Beberapa hal yang harus dipersiapkan dalam merencanakan evakuasi
1. Mempersiapkan tim bantuan medis
2. Data
Perlu adanya infomasi mengenai suatu bencana seperti
2.1.Kronologis
2.2.Jumlah korban
2.3.Jumlah kerusakan
2.4.Upaya penanggulangan yang sudah dilakukan
2.5.Akses ke lokasi
2.6.Pelayanan darurat yang dibutuhkan
Langkah-Langkah kegiatan evakuasi
a. Tim evakuasi menuju lokasi bencana bersama tim pencarian dan tim penolong;
b. Memindahkan korban bencana keluar dari sumber bencana ke tempat yang lebih aman
untuk mendapat tindakan selanjutnya;
c. Memberikan pengobatan sementara kepada korban bencana selama dalam perjalanan;
d. Memberikan dukungan sosial dan psikologis kepada korban bencana;
e.
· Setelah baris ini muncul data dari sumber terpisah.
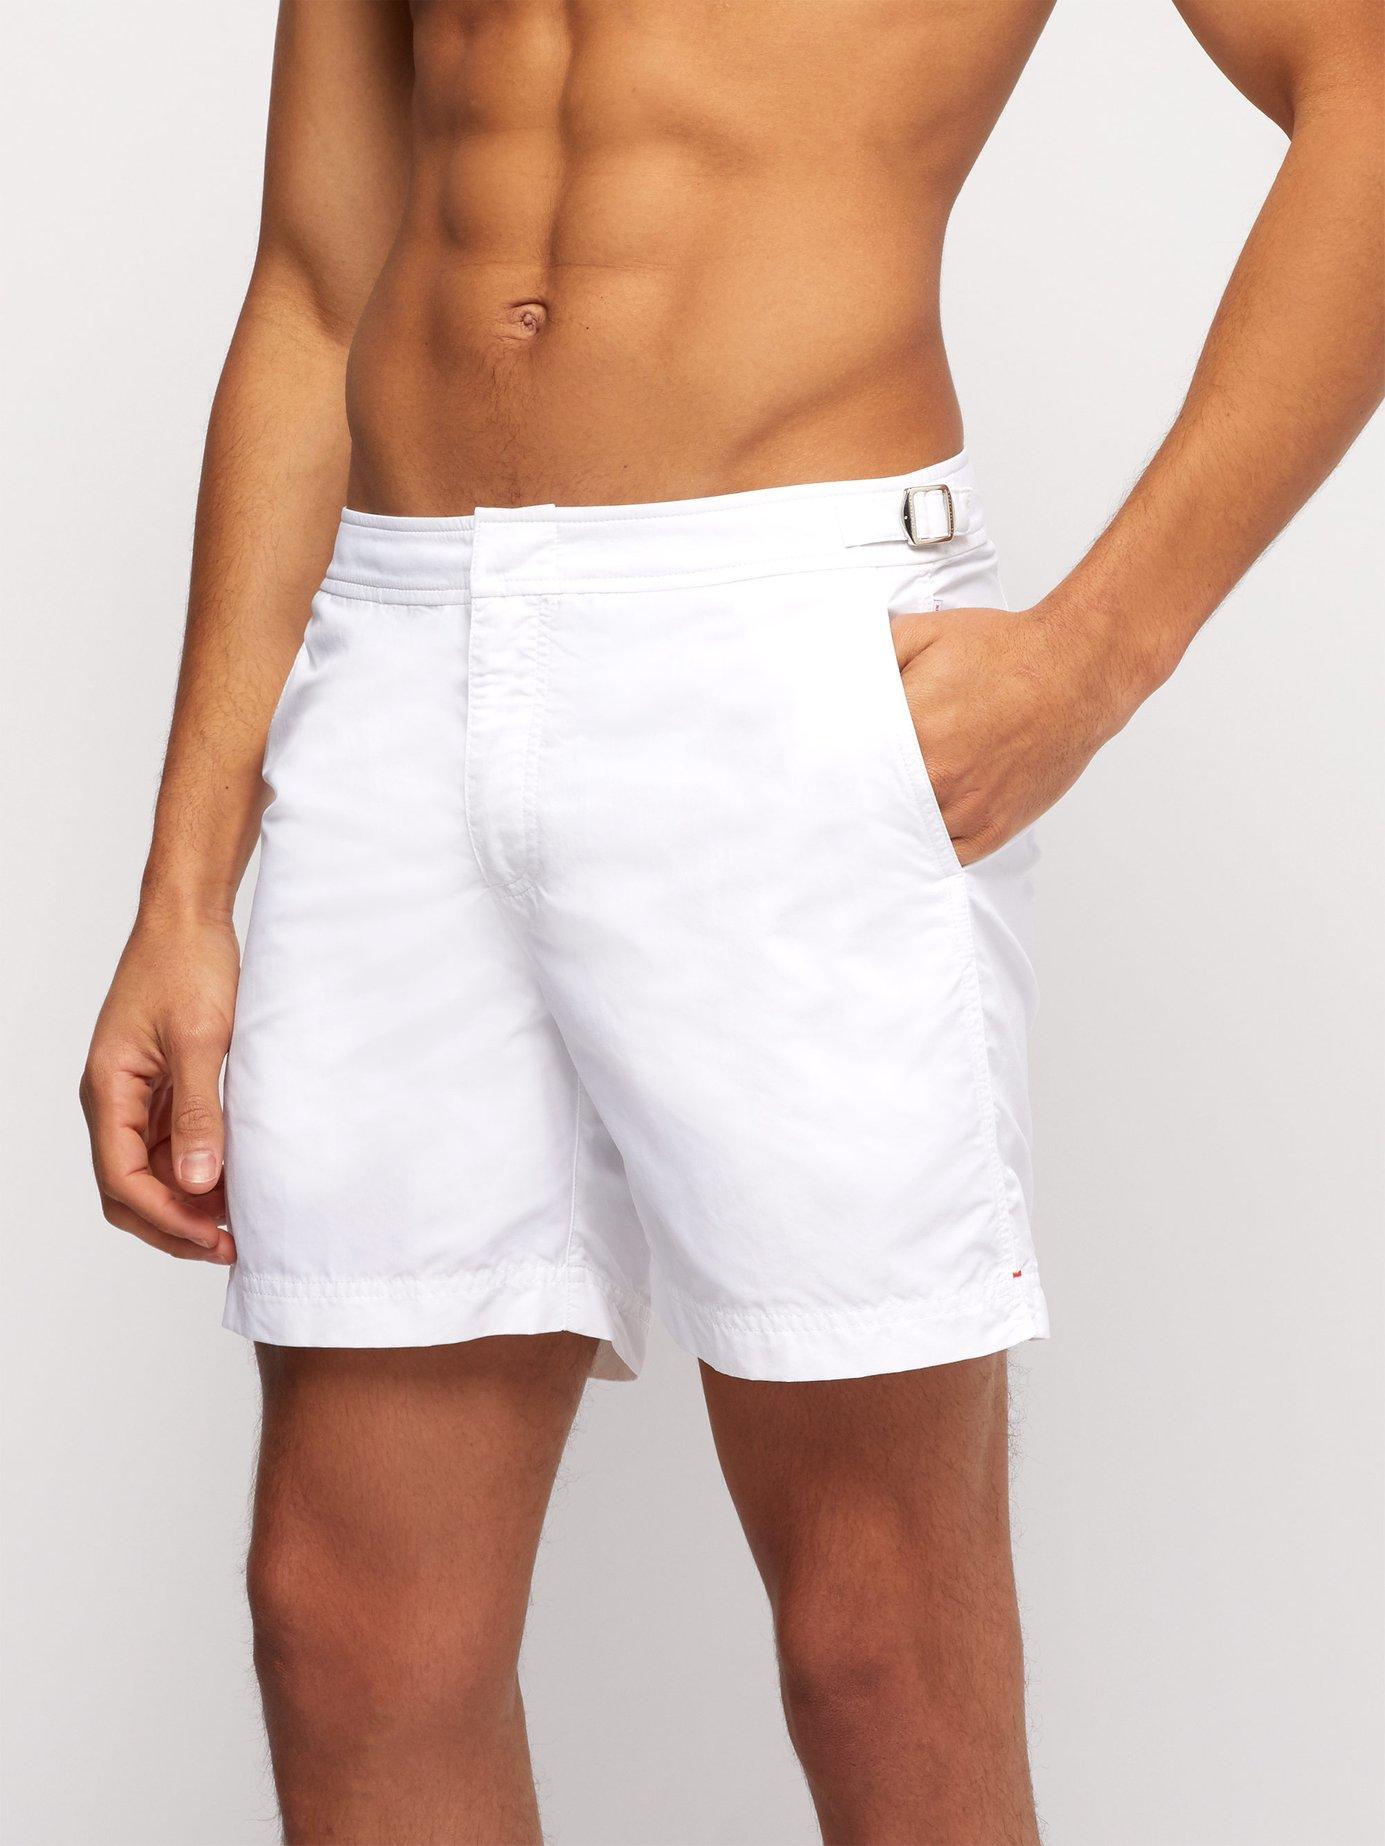 125fbc5658d17 Lyst - Orlebar Brown Bulldog Twill Swim Shorts in White for Men

Melaporkan kegiatan evakuasi secara berkala per 3 jam atau per 6 jam atau sesuai kondisi.
Syarat Tempat Evakuasi
◦ Bantuan penampungan/ hunian sementara biasanya diberikan dalam bentuk tenda-tenda, barak, atau
gedung fasilitas umum/sosial, seperti tempat ibadah, gedung olah raga, balai desa, dan sebagainya, yang
memungkinkan untuk digunakan sebagai tempat tinggal sementara.
◦ Adapun persyaratan minimum sebuah bangunan yang layak dijadikan sebagai bangunan evakuasi telah
diatur sebagai berikut (National Disaster Manegement Authority (BNPB) 2008):
1. Berukuran 3 (tiga) meter persegi/orang.

2. Memiliki persyaratan keamanan dan kesehatan.

3. Memiliki aksesibititas terhadap fasilitas umum.

4. Menjamin privasi antar jenis kelamin dan berbagai kelompok usia.

5. Sebuah tempat sampah berukuran 100 liter untuk 10 keluarga, atau barang lain dengan jumlah yang
setara

6. Satu jamban keluarga digunakan maksimal untuk 20 orang.

7. Satu tempat yang dipergunakan untuk mencuci pakaian dan peralatan rumah tangga, paling banyak
dipakai untuk 100 orang.

8. Persediaan air harus cukup untuk memberi sedikit–dikitnya 15 liter per/hari


Evakuasi Korban Fraktur
Sebelum terapi definitive fraktur dilakukan, perhatian ditujukan pada pertolongan pertama prinsip (Advanced
Trauma Life Support (ATLS), penilaian klinis pasien dengan kemungkinan adanya luka atau komplikasi, dan
resusitasi.

Pertolongan Pertama:
1. Memastikan jalan nafas bersih
2. Memastikan apakah ada perdarahan eksternal
Sangat jarang kasus perdarahan yang memerlukan torniket. Semua perdarahan biasa dapat dikontrol dengan
membebat rapat luka, hanya jika perdarahan hebat dengan kondisi pasien berbaring yang memerlukan tekanan dari
torniket.
Penekanan daerah perdarahan arteri utama di ujung tungkai juga dapat dilakukan untuk mengontrol perdarahan
3. Membersihkan luka
4. Menyediakan alat imobilisasi untuk fraktur lengan dan tungkai.
2 prinsip pembidaian yaitu jika terdapat fraktur pada sendi maka pembidaian pada 2 tulang dan jika fraktur
pada tulang maka pembidaian melewati2 sendi
5. Membuat pasien nyaman selama menunggu bantuan/ambulan datang
Apabila perlu memindahkan pasien dengan fraktur tulang yang panjang, lakukan traksi untuk meringankan
nyeri.
Apabila ada fraktur spinal column, penanganan kemudian pindahkan, untuk mencegah keparahan lebih
lanjut.
Maka penting untuk mencegah fleksi dan ekstensi spinal karena dapat membuat pergeseran. Mempersiapkan
proteksi leher berupa cervical collar sebelum memindahkan pasien.